The next is far less serious. The book was written shortly after Vidal had his infamous on-screen feud with William F. Buckley, editor and founder of the neocon tabloid National Review. Vidal gets his revenge by having a thinly-veiled stand-in closeted homosexual reactionary polemicist make a complete fool of himself. But besides the fact Vidal is perhaps one of the few men in human history known to have brought his grudges not just forward in time but also backward, a temporal summersault if there ever were one, he perhaps does the greatest favor to the general American public by showing that journalism itself is indeed the sporting profession of the activists and agitator, the trade of those who intend to change not just the world but minds also.
In other words, he provides us, through the logic of postmodernism at its most mature (and therefore least reactionary), a rebuttal to the idea that there ever has been such a thing as “objectivity” in news reporting. Instead, there are two sides that have developed opposing narratives which are vying for the whims of the majority. Going back to the duel between Burr and Hamilton, it is an ongoing class war between capital and the working man. Whether he pushes a pre-industrial farmer’s implement or drives a cab, he is toyed with by an elite that tries to convince him through a variety of clever tropes and tricks that each has a solution to the contradictions inherent in capital. Of course, one has much better PR than the other, hence the ongoing success of the 1%. (I use male pronouns intentionally because women, particularly those of color in our society, have almost consistently throughout history seen through the ruse but have been ignored.) A more accurate vision of the media, devoid of hyperbolic aggrandizement of personalities that makes Alban Butler seem tame, is yet to be seen.
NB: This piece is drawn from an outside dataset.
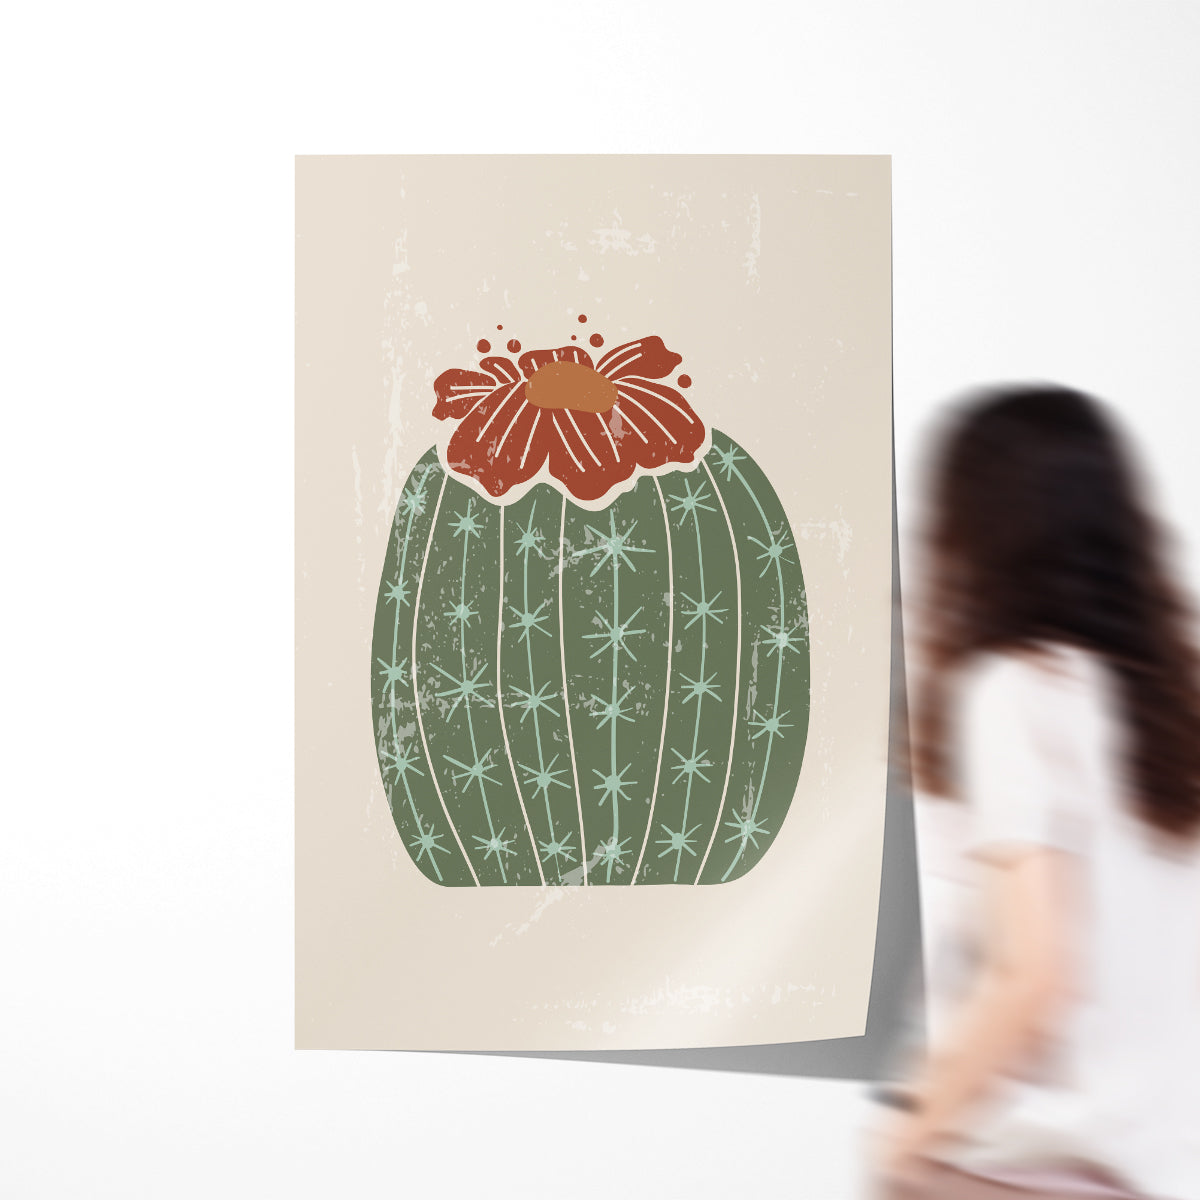 Cactus Decorations For Home Poster-Vertical Posters NOT FRAMED-CetArt-8″x10″ inches-CetArt
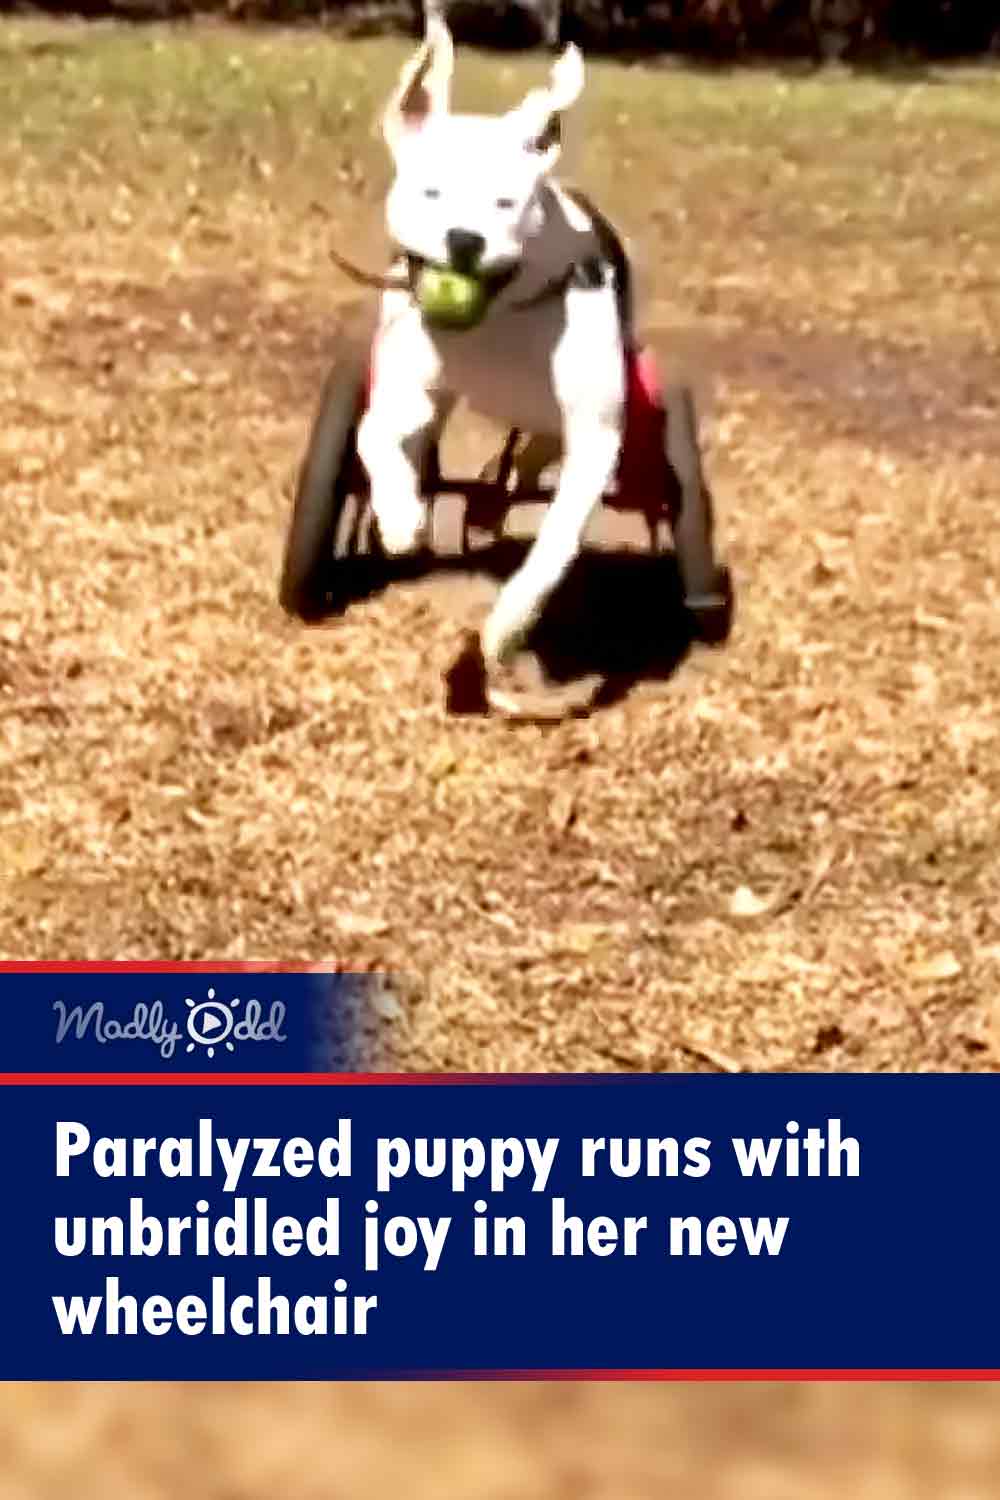 Paralyzed puppy runs with unbridled joy in her new wheelchair

Over the past year, I have recognized that, even if Trump himself is a complete car accident, his supporters are not typical Republican class collaborators. They are pissed off white working class people that are sick of Democratic and Republican Party neoclassical economic policy rip-offs. Their support of Trump is an act of desperation. And this is because the left has objectively failed. Bernie Sanders, a New Deal-Great Society Pentagon Keynesian, was able to pull enough people into the sheep paddock that we are now confronted with a “lesser evil” argument from heroes of the New Left while Jill Stein’s Green Party bid is hindered by the amount of time it has in the media spotlight and the mainstream novelty tone of reporting.
Vidal’s Jackson and today’s Trump supporters have a great deal in common. People who consider themselves Lefties or interested in class solidarity need to learn how to shed the New York-fostered, look-down-your-nose condescension for Trump supporters. This does not mean surrendering one’s principles of feminism or anti-racism, quite the opposite. Instead, we need to have conversations, maybe over books like Vidal’s, that help transfer loathing for immigrants and gays to bosses and capital. That might not be a fun task but it is vital, in the face of climate catastrophe, to build that class solidarity and quickly.